In spring 1703, several cities in the north of Transylvania – Zilah (Zalău), Szatmár (Satu Mare), Beszterce (Bistrița), Dés (Dej), Máramarossziget (Sighetu Marmației) – are taken by the revolt. Pintea's army had the task to conquer the Nagybánya (Baia Mare) citadel. In August the citadel is under siege. On August 14, in an ambush, Pintea is fatally shot in front of the southern gate of the citadel, close to the Tower of the Slaughterers.

In the church of Budești there is the iron shirt and helmet worn by Pintea in fights against the Tartars and in the Nagybánya (Baia Mare) museum one can see his weapons and horse tools.

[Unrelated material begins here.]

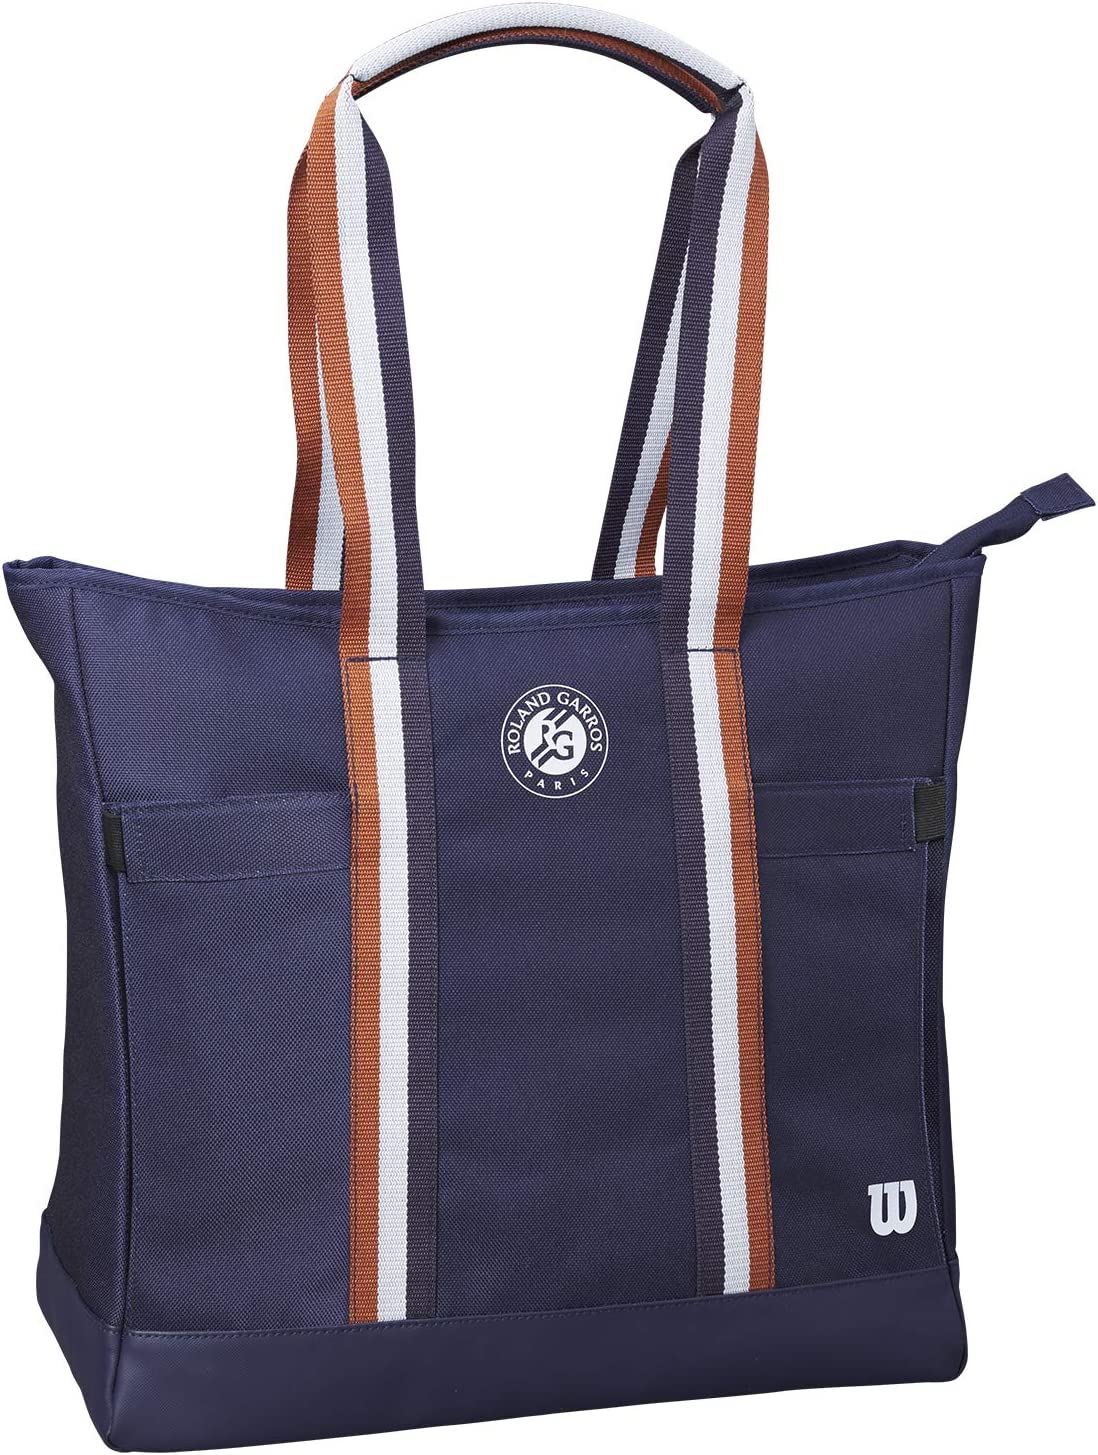 wilson tennis bag for ladies

Many places in the region have names mentioning Pintea and his band of outcasts: Pinteas's Spring, Pintea's House, Pintea's Fountain, Pintea's Band, Pintea's Peak, and Pintea's cavern. Legends talk about money hidden in various caverns by Pintea.

==Presumed funeral monument==
In the center of a tight loop of the curvy mountain road descending the Gutin Mountains towards Baia Mare, first turn below the Pintea Viteazul restaurant marking the highest point of the pass, one can see his impressing funeral monument (maybe his cenotaph). On the marble tomb-stone one can read the following: “The legend tells that Pintea the Brave, whose life was cut short by the tricks of the Baia Mare nobility on August 7, 1703, was buried in this place by his soldiers”.

==Movies==
Pintea the Brave was the subject of the film Pintea (1976), directed by Mircea Moldovan, and starring Florin Piersic in the main role. Considered one of the most-watched Romanian films, Pintea may not be accurate in all historical details, as new information has emerged about the final parts, but it is artistically a huge success. It features many local cultural details and songs. The film was shot in the geographical area of Baia Mare.